Thursday, November 11, 2010

The Individual Mandate and Insurance Markets

I believe there is at least an even chance that the Supreme Court will strike down the individual mandate in the new health care bill. Here is a paragraph from the Court's decision in US v. Lopez, the first case in decades that did limit the powers of Congress under the commerce clause of the Constitution:
We pause to consider the implications of the Government's arguments. The Government admits, under its "costs of crime" reasoning, that Congress could regulate not only all violent crime, but all activities that might lead to violent crime, regardless of how tenuously they relate to interstate commerce. See Tr. of Oral Arg. 8-9. Similarly, under the Government's "national productivity" reasoning, Congress could regulate any activity that it found was related to the economic productivity of individual citizens: family law (including marriage, divorce, and child custody), for example. Under the theories that the Government presents in support of § 922(q), it is difficult to perceive any limitation on federal power, even in areas such as criminal law enforcement or education where States historically have been sovereign. Thus, if we were to accept the Government's arguments, we are hard-pressed to posit any activity by an individual that Congress is without power to regulate.

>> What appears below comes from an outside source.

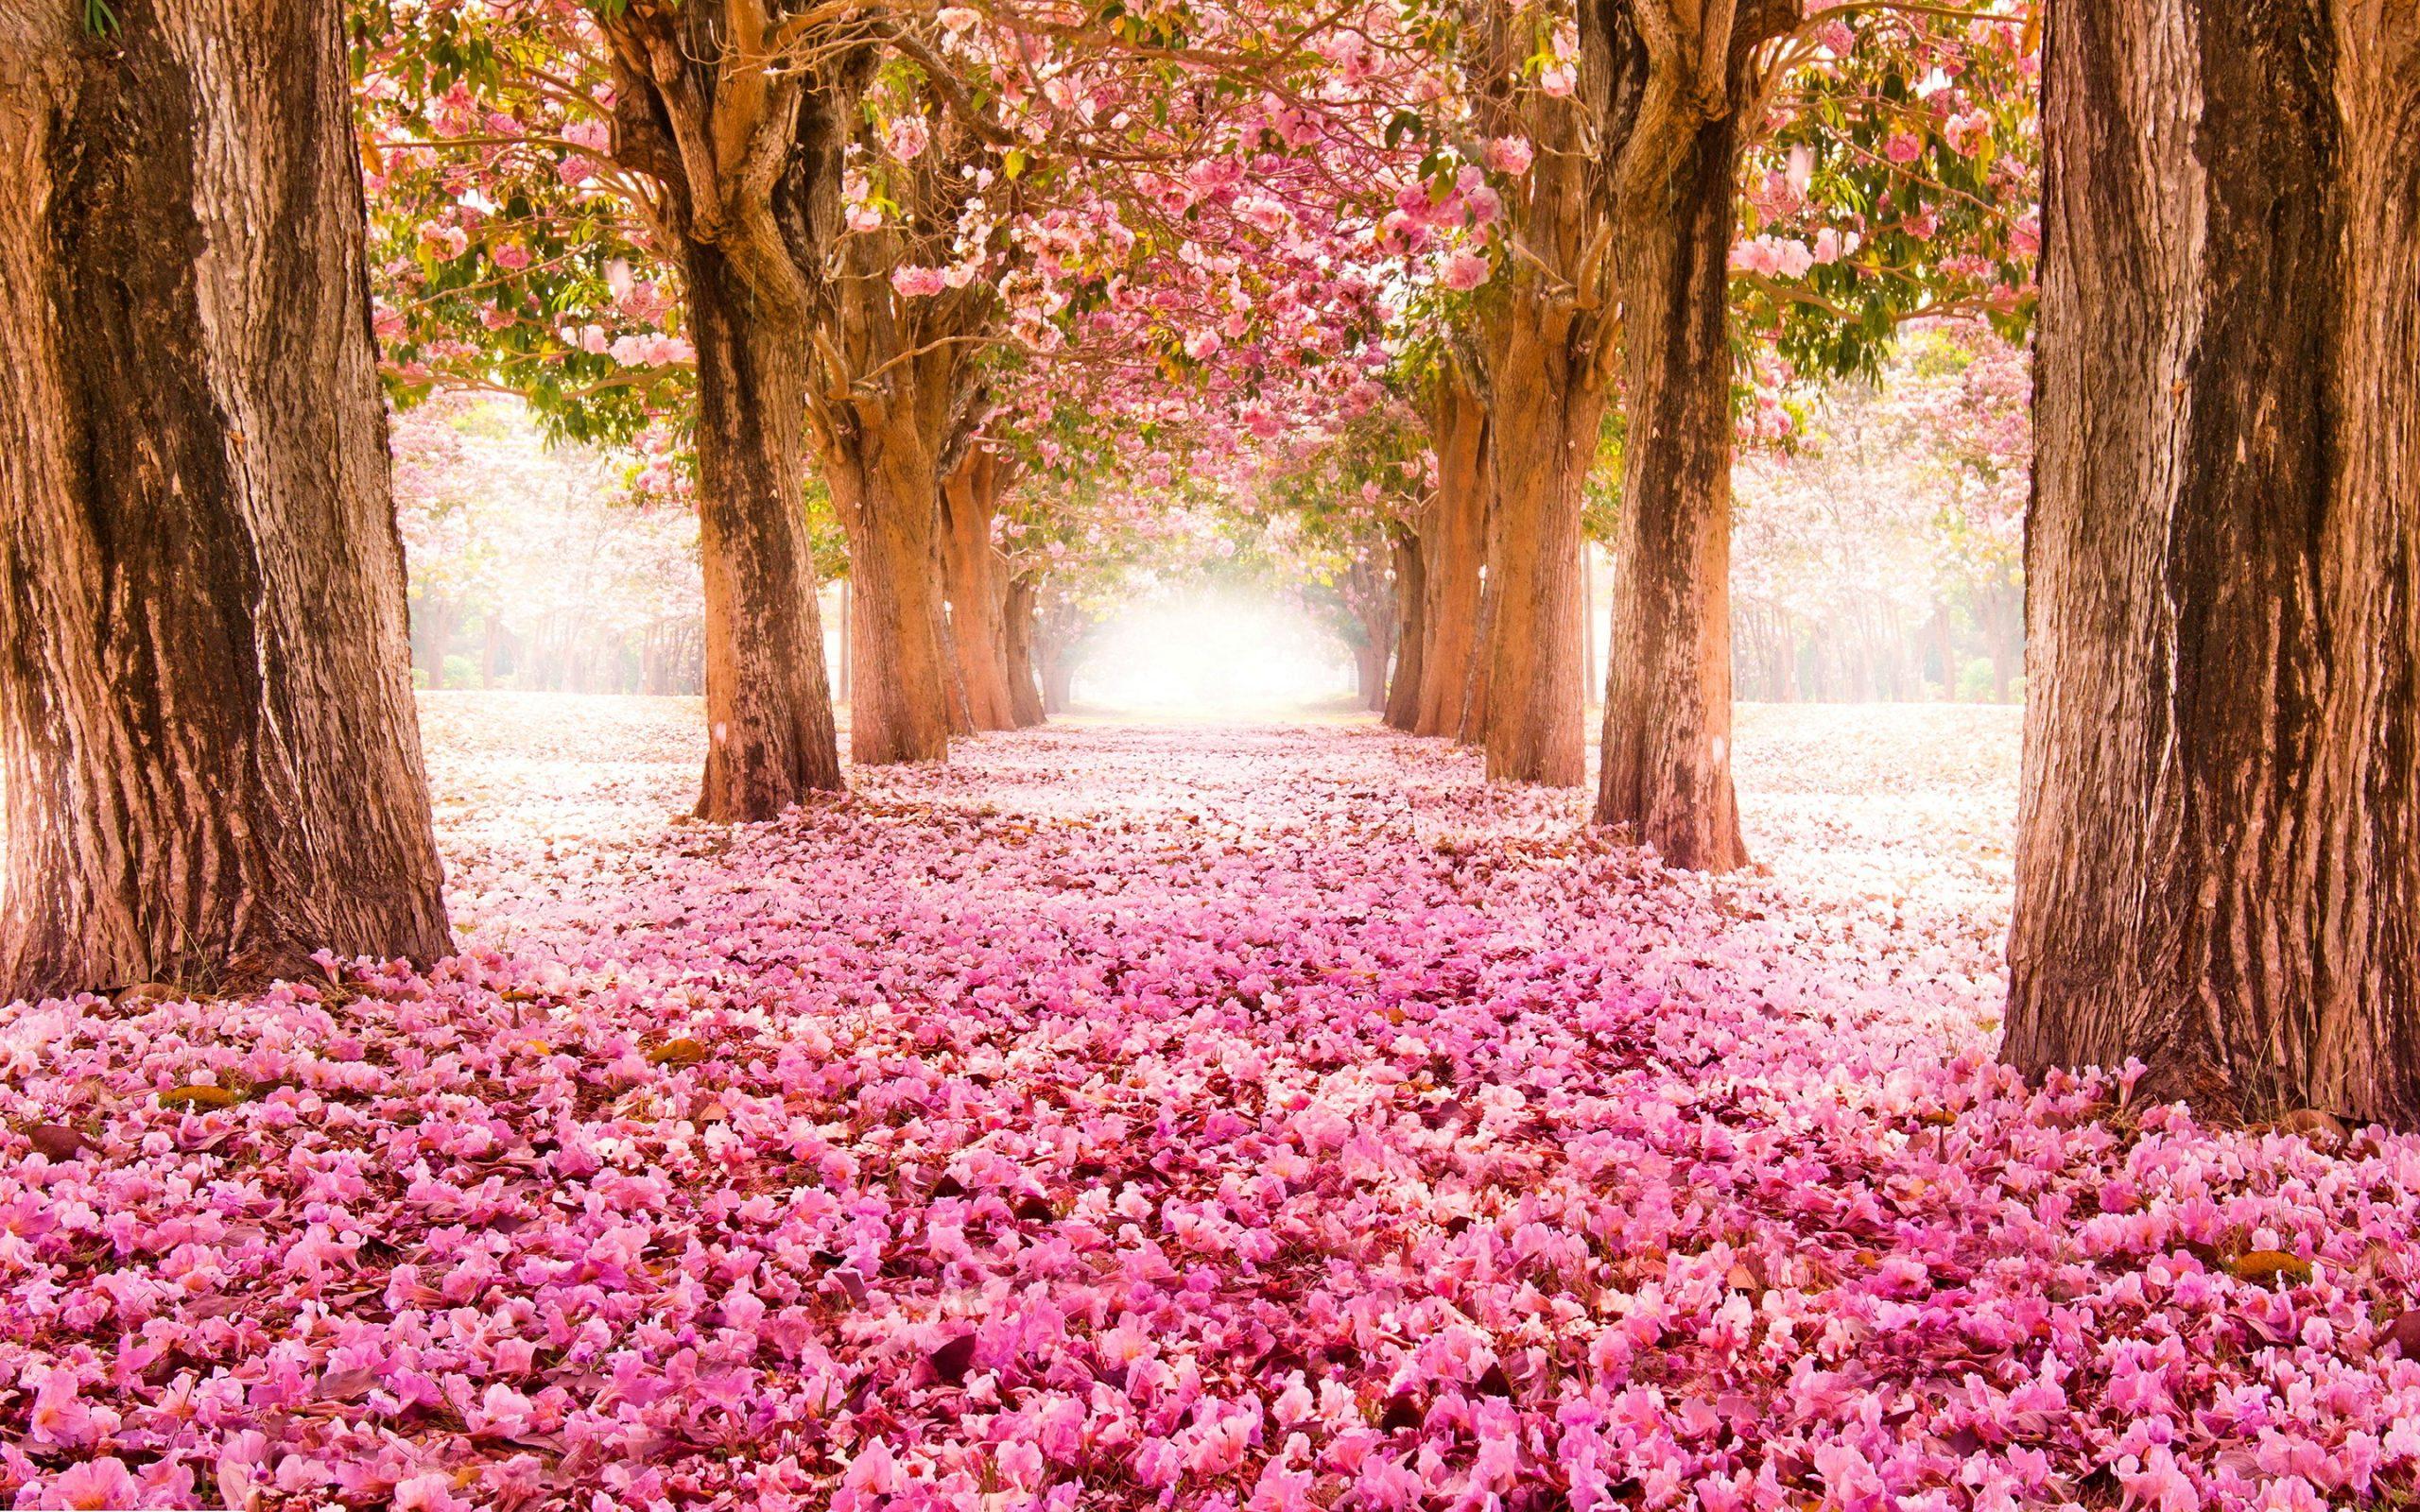 بهار فصل آلرژی / تغذیه در فصل بهار چگونه باشد؟ / روز بیست و سوم شکرگزاری

This was the case on the Gun Free School Zones Act, and the Government argued that it had the power to regulate guns in school zones under the commerce clause because: a) guns increase the cost of crime, which affects commerce among the states; and b) guns and crime affect national productivity, which also affects commerce. The Court states quite clearly that these arguments would justify any police power at the Federal level and therefore cannot be right.

In terms of the individual mandate, the parallel argument would be that if inaction -- failure to buy a product -- is considered to be reachable under the commerce clause, then the regulatory power of the Congress would be expanded into a region that would further make the commerce clause infinitely powerful. In Lopez, the Court was willing to draw a line in front of an activity that was not sufficiently related to interstate commerce. I can certainly see another line being drawn, a very bright one it would seem, at the distinction between inactivity and activity.

If the mandate is struck down, then some creativity will be required in insurance markets in order to maintain some of the accomplishments of the health care bill, in particular the avoidance of universally-hated insurance policies such as restrictions on pre-existing conditions and indiscriminate premium increases. My next post will get into some of these issues.

1 comment:

John Lott said...

The problem with putting too much weight on the Lopez decision is that Congress quickly re-enacted the law and put in the normal boilerplate language that required prosecutors make a finding that the weapon or the bullets was in someway involved in interstate trade -- a trivial requirement after Wicker. In fact, it was just a simple oversight by Schumer (who wrote the law) in forgetting to put in this clause. The revised law with the paragraph requiring this finding is still in place today and no one would think of challenging it. The court's decision was really over whether the government could enforce these regulations without first making this type of finding. I really wish that the decision was as clear as it appears to be in what you quote from the Lopez decision.